Hey, I also came across this when trying to adapt the fastT5 code for converting (m)BART to onnx and I think it is due to the fact that the encoder_hidden_states are passed as key_value_states into the MBartAttention down the line and are not used in case past_key_value is given.

So my guess was, that it is not included in the exported graph for that reason.
I'll try to share my progress in a Colab notebook tomorrow.

HenryDashwood · 2021-04-06T21:46:51Z

Ah that's really good to know. Thought I was going mad for a bit! Please do keep us updated!

tobigue · 2021-04-07T14:24:24Z

@HenryDashwood this is my current progress when converting mbart to onnx:
https://colab.research.google.com/drive/1b4gCQJbfdr2nEKyb5xvbjeBrTvkelG9L?usp=sharing

Currently the ONNX model gives a (slightly) different output for the same input than the pytorch model and I'm not sure why.
You can see that at the very end of the notebook.

Also, as I had to use the external data format (the mBART model export failed when I did not, because apparently the export is >2GB for some reason, even though T5-large fits into <2GB with fastT5), quantizing the model is not straight forward, as ONNXQuantizer uses infer_shapes, but the external data format is only supported by infer_shapes_path. Also, there is a problem when loading models that are not saved in ./, because f.name is used instead of f.
I changed those places in the onnx/onnxruntime code and was able to run the quantization, however, when trying to load the quantized models I get this:

[ONNXRuntimeError] : 1 : FAIL : Load model from models/mbart-large-en-ro/decoder-quantized/model.onnx failed:This is an invalid model. Error: Duplicate definition of name (decoder.embed_tokens.weight).

If you have any insights on the differing outputs, or how to make the quantization work, or manage to export and quantize a BART model in another way, sharing is much appreciated. :)

Cheers!

tobigue · 2021-04-08T21:49:47Z

The reason the init decoder was so large was that it exported the token embeddings twice. With do_constant_folding=False it only exports them once and then the model can be exported without using the external data format.
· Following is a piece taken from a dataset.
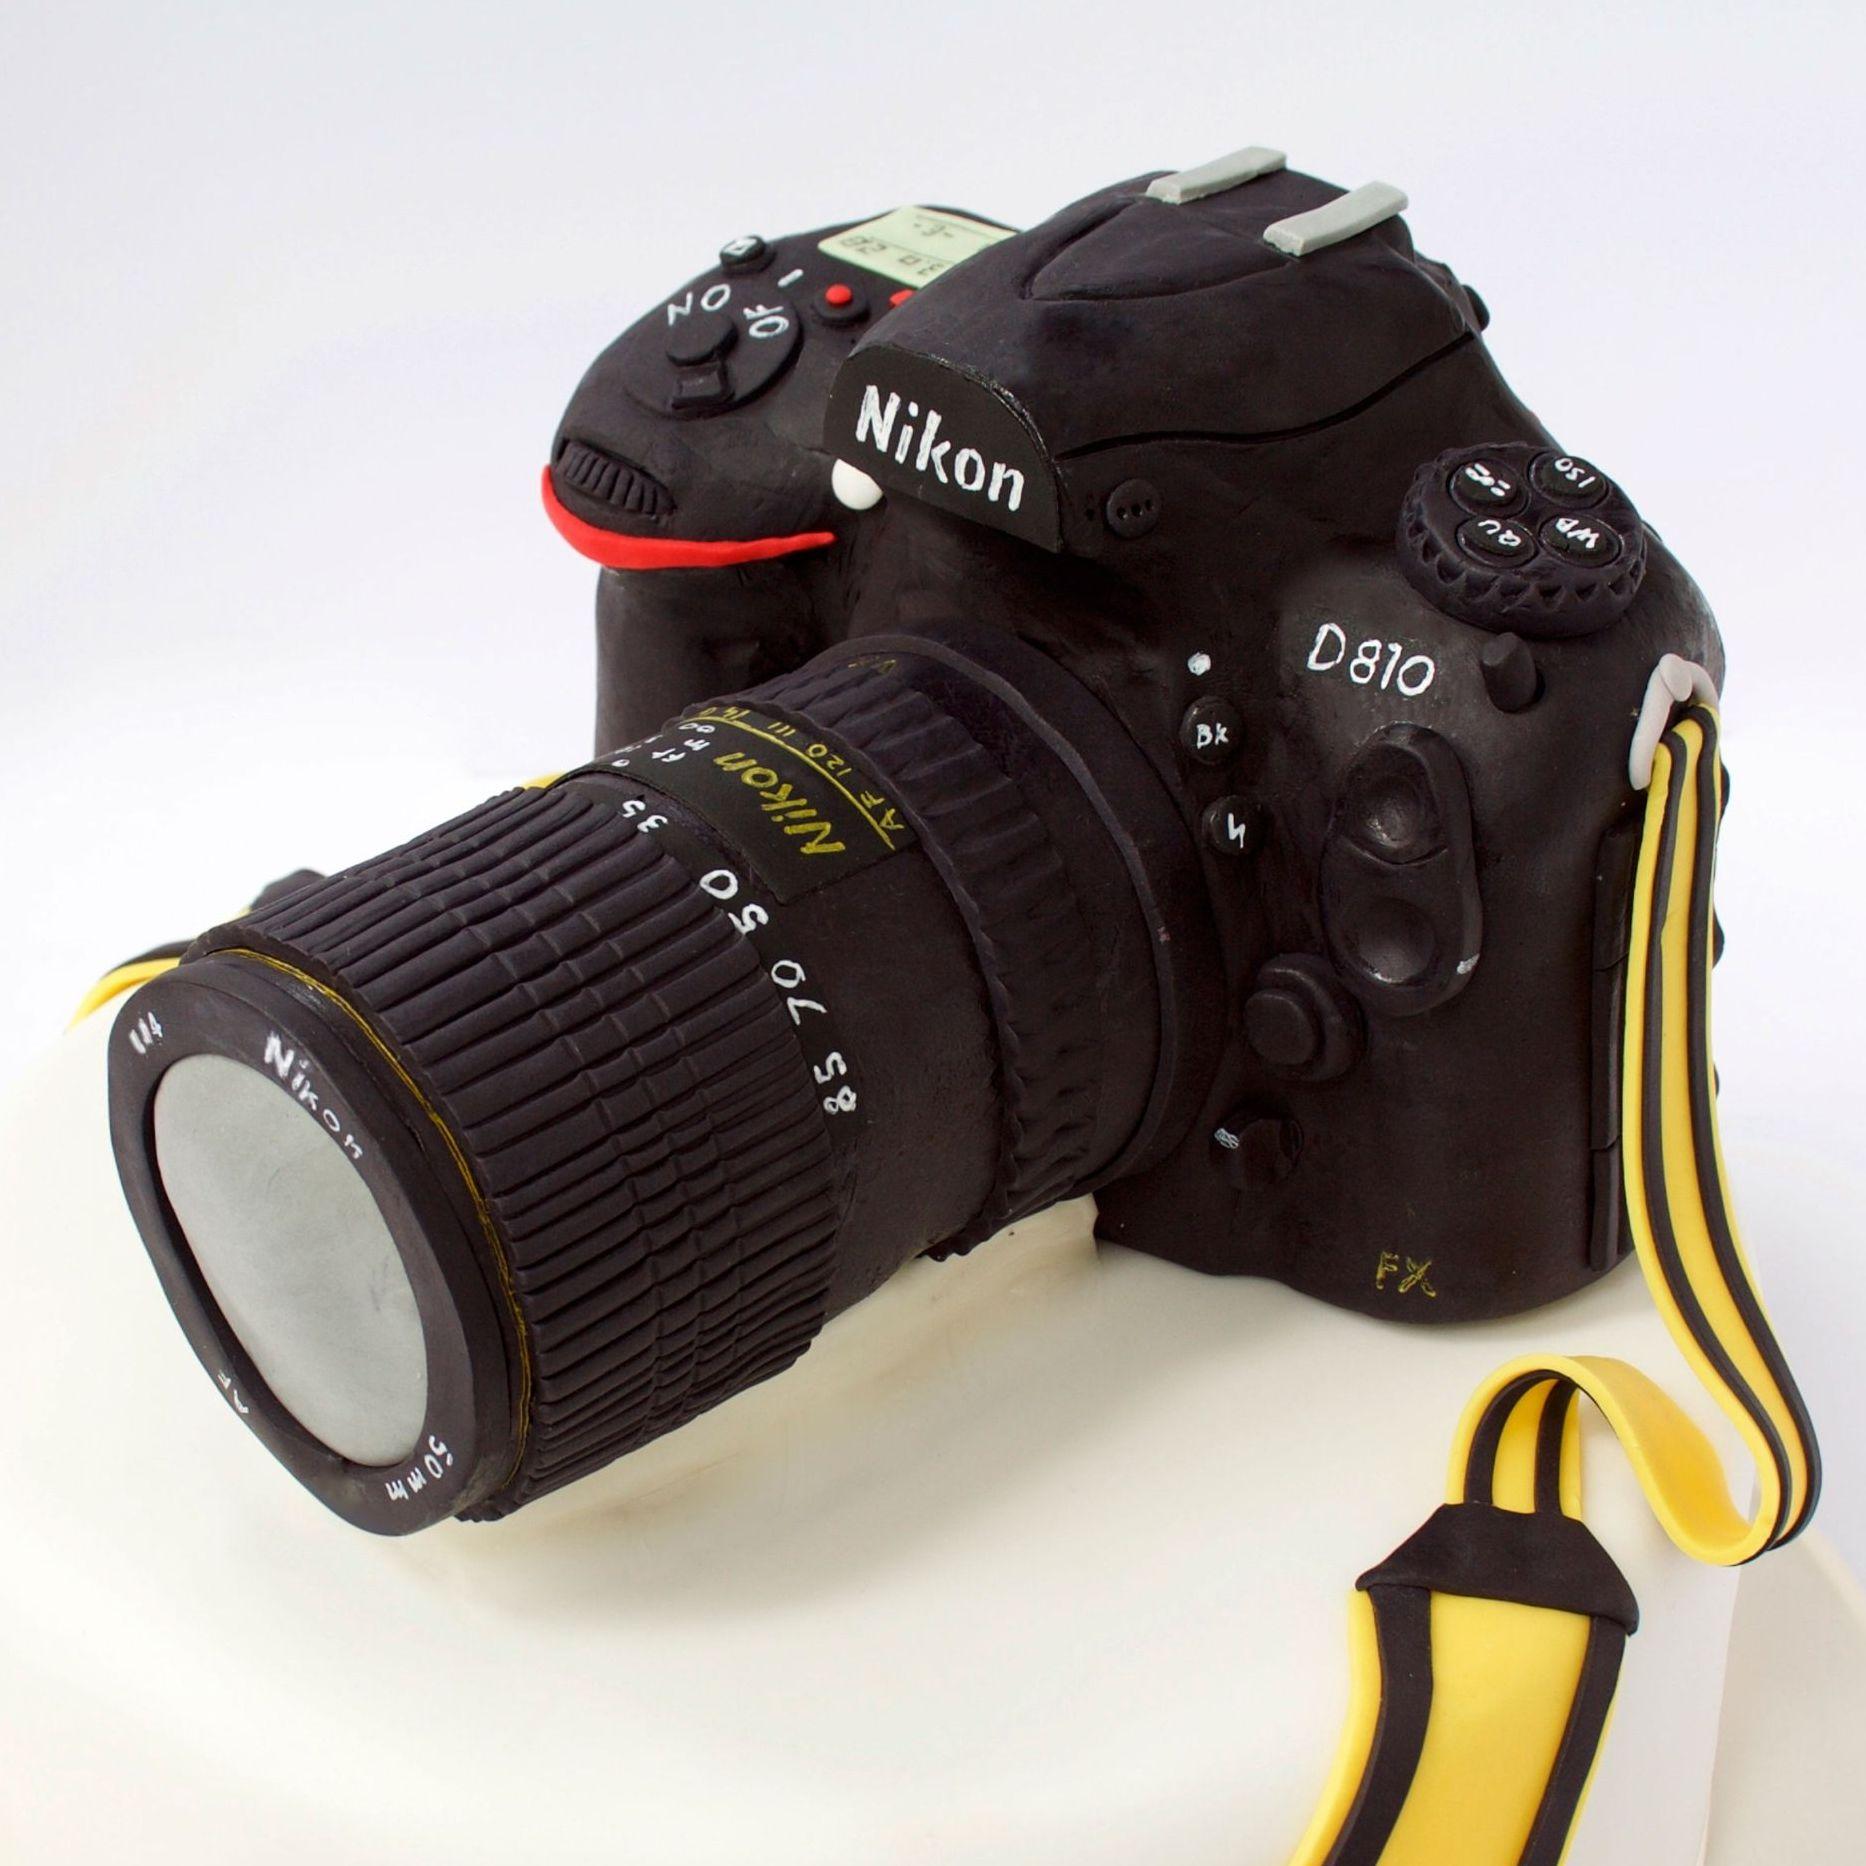 Nikon camera illusion cake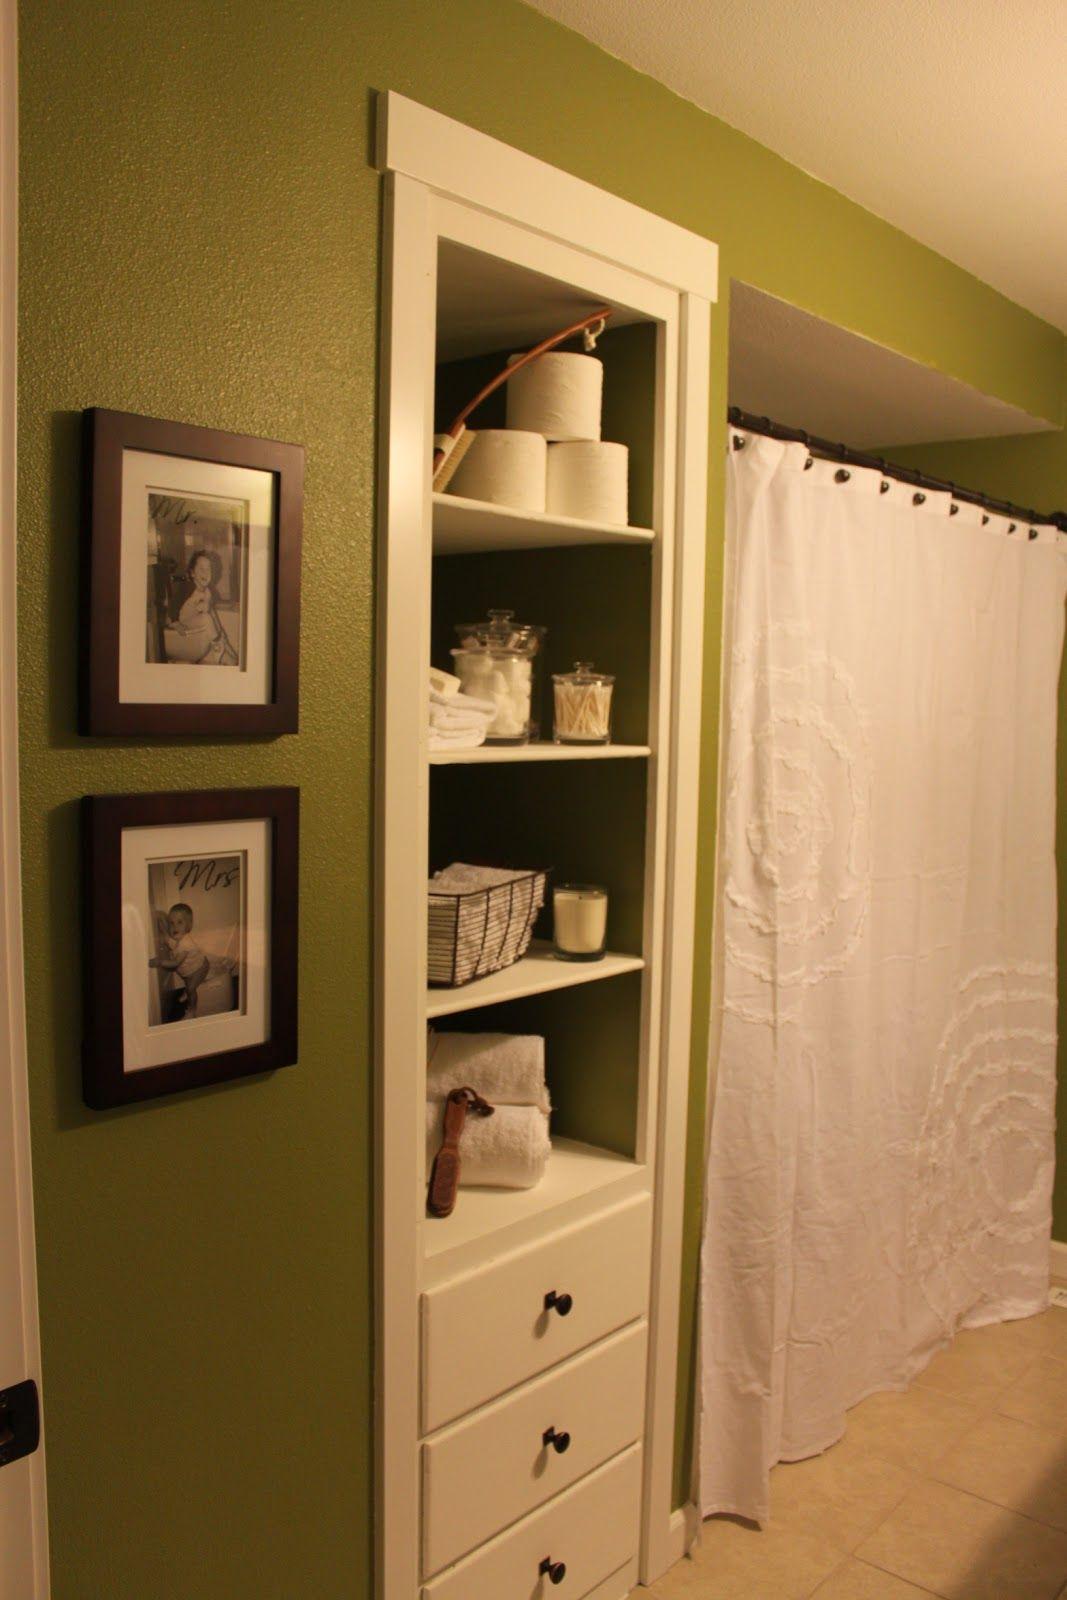 Behr grape leaves green and white bathroom. White shower curtain ...

I also looked at the mBART implementation again and saw that they do not do the rescaling of the output (no * (self.model_dim ** -0.5)), but do add a final_logits_bias. I adjusted the notebook accordingly and will try quantization tomorrow.

tobigue · 2021-04-09T15:29:48Z

I got the quantization for the exported model to work, but only using onnxruntime==1.6.0. See this issue.

Ki6an · 2021-04-09T16:34:20Z

cool!
I also had some issues with 1.7.0, while using the onnxruntime==1.7.0 for quantizing it created extra models here's the issue . by applying optimize_model=False was able to fix it.

Ki6an · 2021-04-09T16:43:22Z

constant folding replaces some of the operations that have all constant inputs, not clear why it creates embedding twice in bart. in t5 i did not face any issue with using do_constant_folding=True

tobigue · 2021-04-09T16:50:26Z

It only happens for the init_decoder and I saw that in fastT5 you do not do constant folding for the init decoder (only for encoder and decoder). https://github.com/Ki6an/fastT5/blob/master/fastT5/onnx_exporter.py#L196

If you also export the init decoder with constant folding and use the external data format (or inspect the model with netron), we might see the same behaviour.

Ki6an · 2021-04-09T17:02:40Z

also I noticed that in the notebook

        input_names = [x.name for x in self.decoder.get_inputs()]
        inputs = [
            input_ids.cpu().numpy(),
            attention_mask.cpu().numpy(),
        ] + [
            tensor.cpu().numpy() for tensor in flat_past_key_values
        ]

        decoder_inputs = dict(zip(input_names, inputs))
        decoder_outputs = self.decoder.run(None, decoder_inputs)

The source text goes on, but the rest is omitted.